Оболмасов при встрече с Коковцевым уже не раз спрашивал:
– А каков у вас послужной список, адмирал?
– Отличный.
– Это плохо. Сейчас большевики перерывают архивы военного и морского министерств, выискивая людей с заслугами перед престолом, чтобы поставить их к стенке… Я крайне удивлен: весь наш дом уже опустел, одни вы остались.
– А почему вы, любезный, сами не уедете?
Оболмасов приник к уху адмирала, нашептав, что служит в советском учреждении, дабы удобнее вредить большевикам. А в одну из встреч на лестнице он Коковцева предупредил:
– Если завтра не скроетесь, вам ареста не избежать. Вчера один студент ухлопал Моисея Соломоновича Урицкого, а он председательствовал в петроградской Чека.
– Но я-то при чем? – удивился Коковцев.
– Сейчас-то все и начнется…
Совпало день в день: в Петрограде эсер Канегисер застрелил М. С. Урицкого, в Москве эсерка Фанни Каплан совершила злодейское покушение на вождя революции Ленина. Это случилось 30 августа 1918 года, а 5 сентября Совет Народных Комиссаров издал постановление, призывая граждан свободной России ответить на «белый» террор железным кулаком «красного» террора. В эти дни были арестованы не только контрреволюционеры, но и высшие сановники былой империи, ВЧК произвела массовые аресты многих генералов и адмиралов. Коковцев был удивлен, что его не тронули, относя этот либерализм ВЧК за счет положения своего сына на «красном» флоте… Его взяли не дома, а на Английской набережной. Полураздетая Ивона отделалась легким испугом, загородясь от чекистов французским паспортом:
– Я только и жду возможности вернуться в Париж!
– Пардон, мадам, а это кто? – показали ей на Коковцева.
Ивона пальчиком тоже показала чекистам на Коковцева:
– Вы его сами об этом и спрашивайте!
– Я… контр-адмирал… контр, – сказал он, стыдясь.

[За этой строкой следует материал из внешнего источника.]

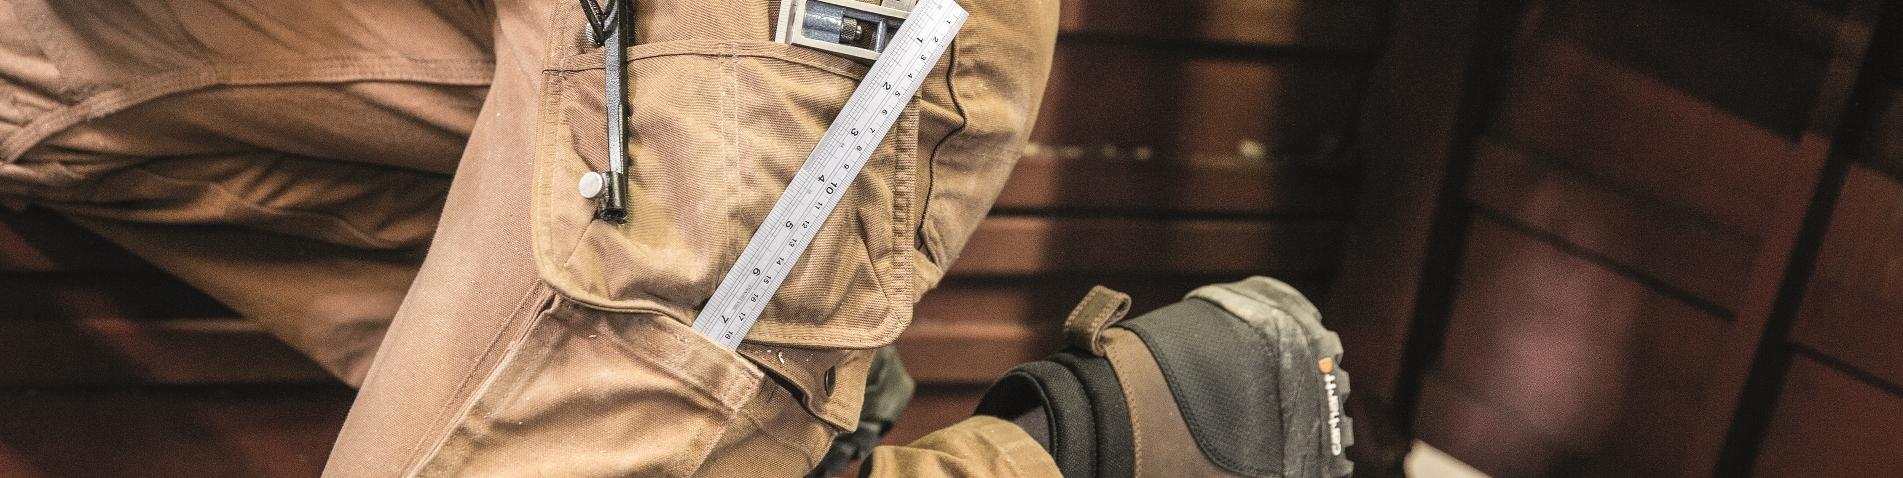 workwear4all-be -  Bouw broeken banner breed

На вопрос, что он тут делает, Коковцев не мог сказать, что навещает вдову своего друга, ибо у вдов друзей, даже самых лучших, после полуночи обычно не задерживаются.
– Собирайтесь… пошли, – велели Коковцеву. В этот момент он вспомнил заклинание Ольги: Бог накажет тебя, если сказал ты неправду. Открытый грузовик заносило на крутых поворотах переулков. Вот и Гороховая, дом № 2 – вылезай! На этот раз следователь попался не из тех, что сами сидели, а из тех, которые других сажают. Человек явно озлобленный и, как заметил Коковцев, никогда не высыпавшийся.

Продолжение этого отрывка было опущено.